In your original analysis justifying the purchase price of COUP, you settled on a composite of CRM and ADBE – high teens growers with FCF margins that averaged out to about 30% with EV/NTM FCF multiples of around 40x.
Fast forward to today: like with COUP, the market is repricing the value of CRM and ADBE to reflect a higher discount rate and a lower terminal multiple. That has driven a 10-15% decline in share prices for each from when you did your original analysis. The 40x now becomes 35x.
So, now due to a change in the cost of capital and its corresponding impact on the discount rate and the terminal multiple, COUP is now worth 20-25% less than you thought it was.Across the market, there are thousands of market participants doing a similar type of analysis and repricing everything they own. This is the ripple effect we are observing.
Theory takes a similar view of COUP. What is a multiple? Well, I was taught it is 1/(cost of equity capital - the perpetuity growth rate). A multiple is an encompassing view of cash flow generation forever. Because of the duration reflected by a high multiple, small changes have big impacts.
1/(cost of capital-perpetuity growth) = 1/(7.7%-5.1%) = 40x
What if we bump the risk free rate up by 100ps to 1.5% (the current 10-year yield).
1/(cost of capital-perpetuity growth) = 1/(8.7%-5.2%) = 28x
Today COUP is at $285, or about 10% above the theoretical price target. Again, this is all more art than science. But the core conclusion should be that when you are dealing with big numbers way into the future, small changes to the cost of capital have big impacts.
This is true both on the way up and the way down. The massive multiple expansion over the last year in SaaS has largely been driven by the risk free rate being cut from 1.9% to 0.6% with a consensus view for many months that it could go lower. COUP, as an example, came into the COVID valued at $167. The company has grown 35% over the last year with no real change on the consensus view of durability of growth or LT margin potential. So, all else equal we would expect the stock to be at ~$225 today with no change in the risk free rate. Keep that in mind as you start to think about where we are in this correction.

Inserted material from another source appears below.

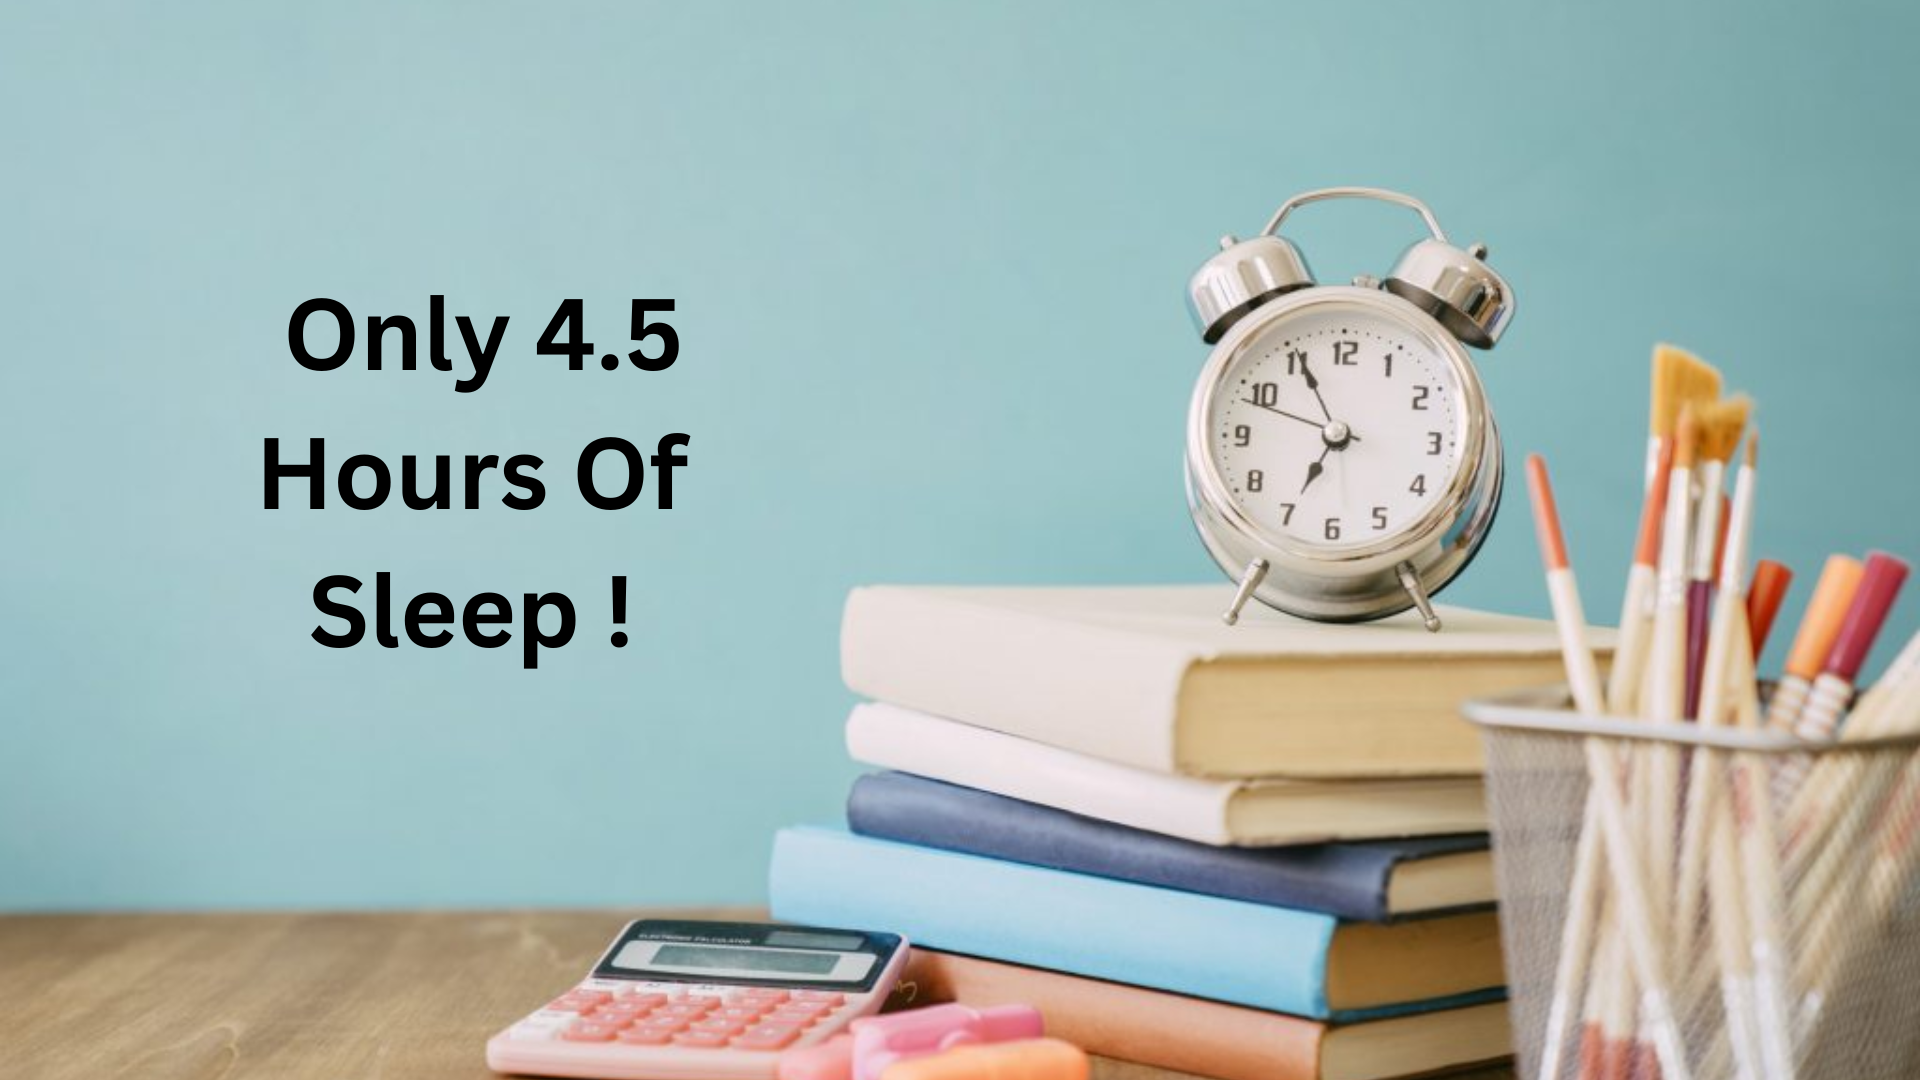 IIT-JEE Aspirant’s Daily Routine Includes Only 4.5 Hours Of Sleep

Increased cost of capital impact to fundamentals
I’ve mostly stayed away from the impact of market pricing on fundamentals. Most folks think of fundamentals as impacting market price, but market price can also impact fundamentals. The cost of capital for SaaS is going up (though still low). This creates an impact on multiple fronts:
Hiring – The market price for great engineers is set by large cap tech, which will have less volatile share prices. Additionally, more shares are required to fund an equivalent equity grant (on a $ basis) vs a copule of months ago. This increases the cost of growth.

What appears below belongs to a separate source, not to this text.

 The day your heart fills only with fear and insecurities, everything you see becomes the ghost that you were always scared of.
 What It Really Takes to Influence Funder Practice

M&A – Equity currency is worth less, so more dilution is required to accomplish the same deal.
Customers/Partners – When your stock is always going up it creates buzz and momentum in the industry. It also creates great marketing opportunities on CNBC and Fox Business! If your stock is trending down and to the right, the FOMO of a new technology can fade.
These impacts are at the margin, but another factor to keep in mind.